Quote Originally Posted by beacon View Post
PP is a complicated product, designed to increase Harmoney revenue substantially (at the cost of lender returns, due to early repaid). I have observed that PP loans are also much more likely to repay early than others. Harmoney have not cared to published examples of tax treatment of PP loans and affect of early repayment on PP loans, even though those scenarios have been worked out. There must be good (for Harmoney) reasons why those examples haven't seen sunlight to date...
Personally I disagree - at an individual loan level PP isn't all that complicated.

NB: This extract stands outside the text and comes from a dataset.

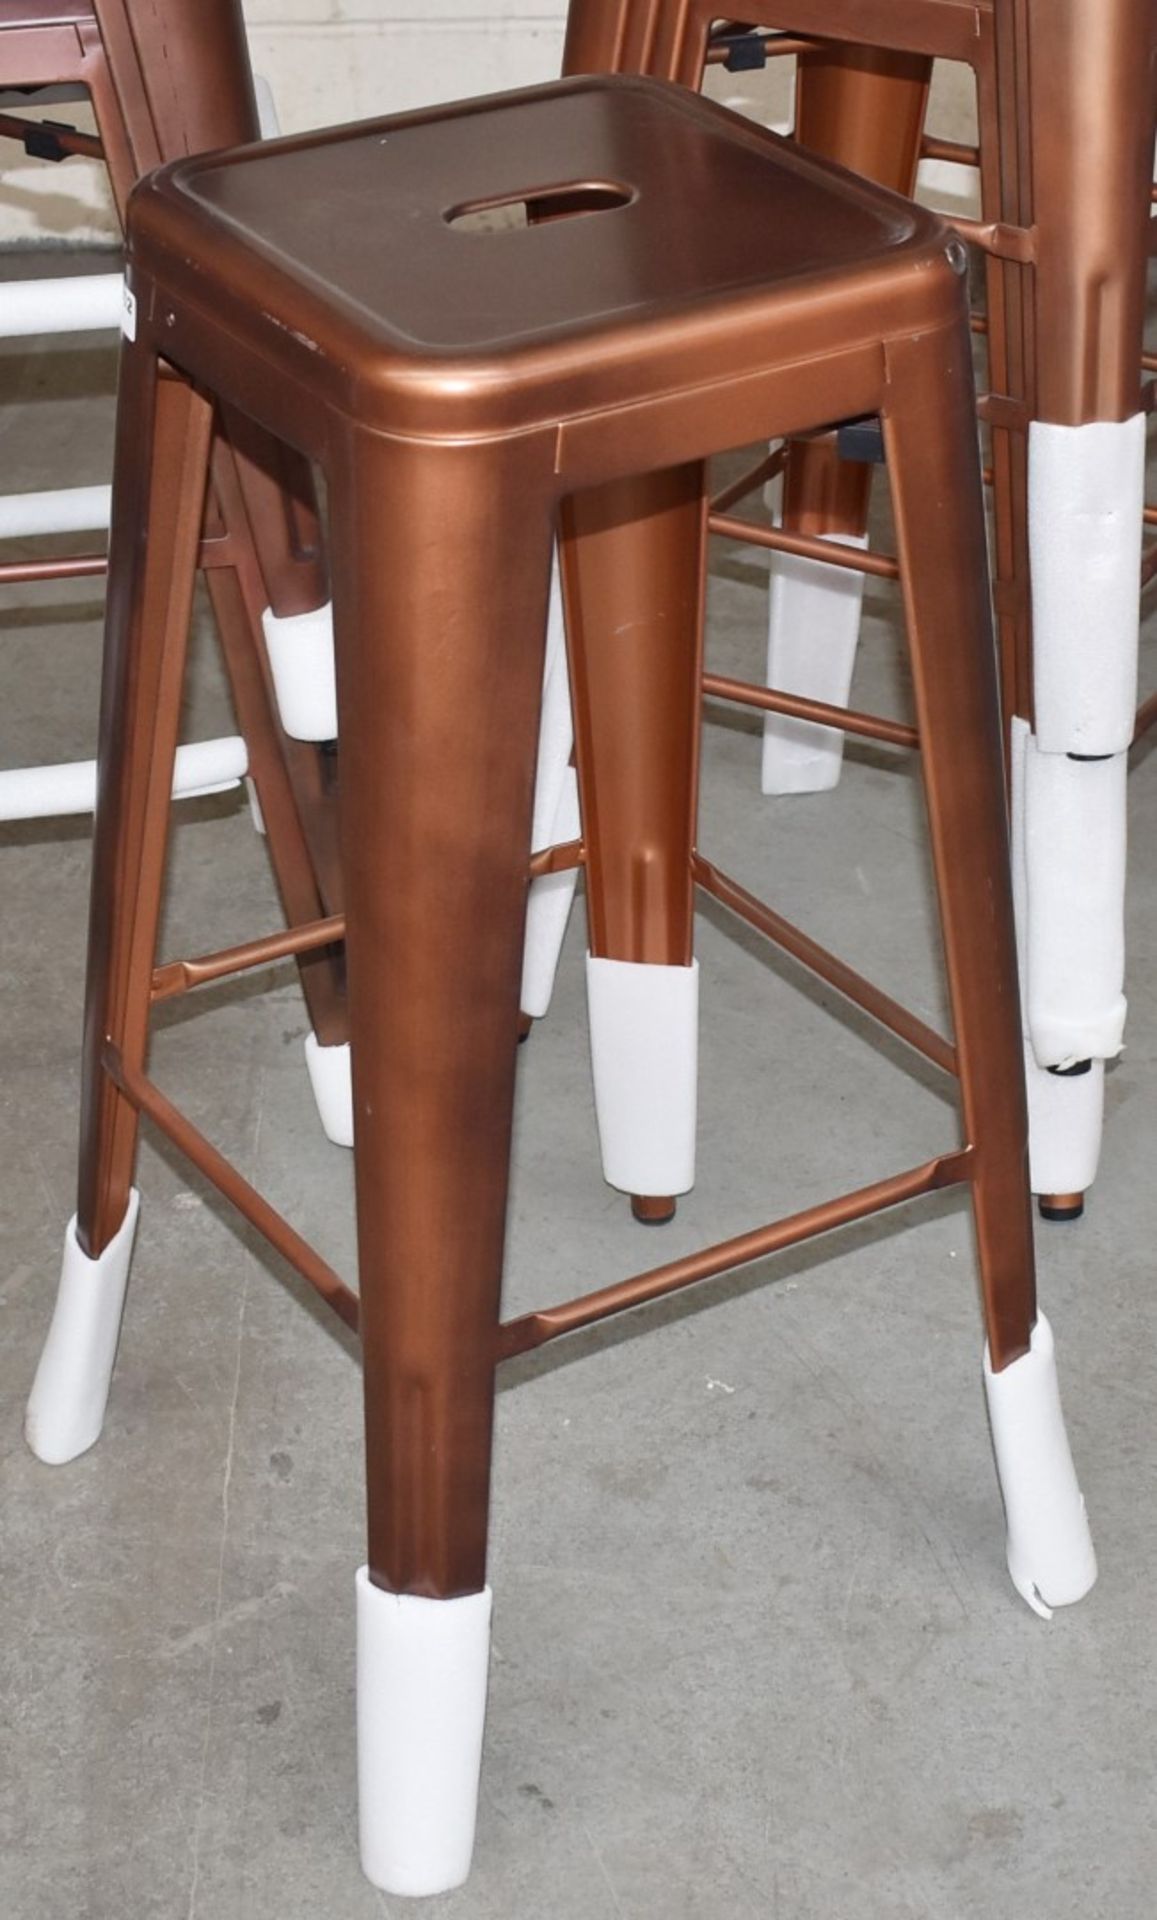 4 x Industrial Tolix Style Stackable Bar Stools With Backrests - Finish: COPPER - Ideal For Bistros, - Image 2 of 6

The Lender receives a pro rata rebate on the 15% Management fee on any early termination i.e. rewrite, early payout, charge off, full waiver, of the loan. On a rewrite the 20% sales commission is also rebated pro rata, but not on any other termination - I believe this is fair as Harmoney have to manage PP (they do have to make some money too, right?).

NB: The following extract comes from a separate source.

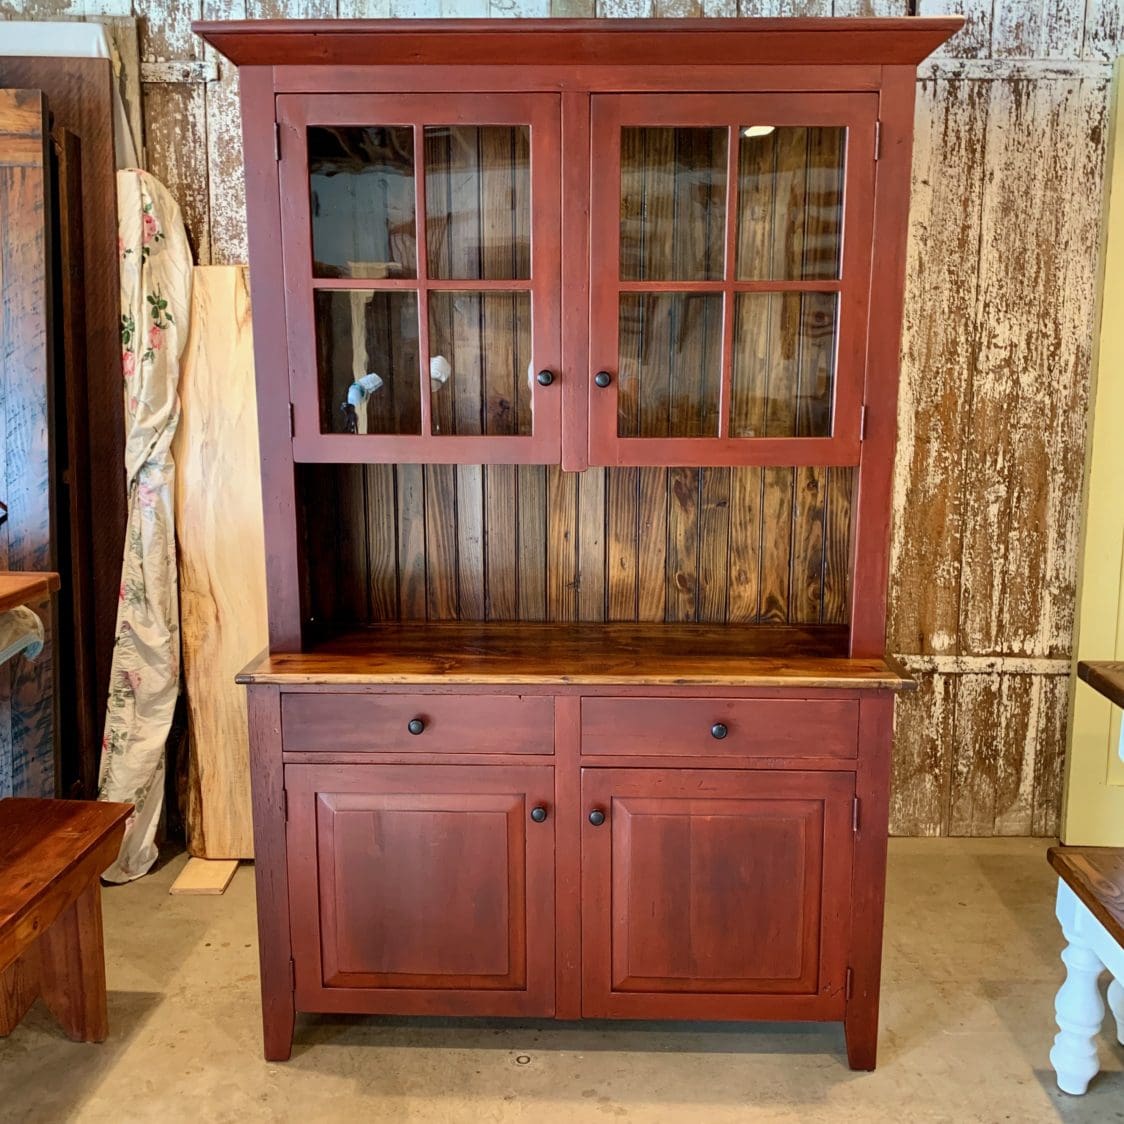 Country hutch will add charm to your dining room

So it is only on an early payout, charge off, full waiver of a loan where the 20% sales commission is 'lost' for the remaining portion of the loan (which will not be 100%). In a nutshell, any loan that goes past 20% of it's term should have a positive return (actually more likely 10-15% as PP payments are a positive income and additional interest is gained). This of course doesn't consider waivers.

To put this in context - for my investment of $100,000 for over 12 months, I have a total of $8.72 principal waived. The bulk of my loans exceed 10-15% of their term.

I agree PP is complicated when you look at it at a portfolio level.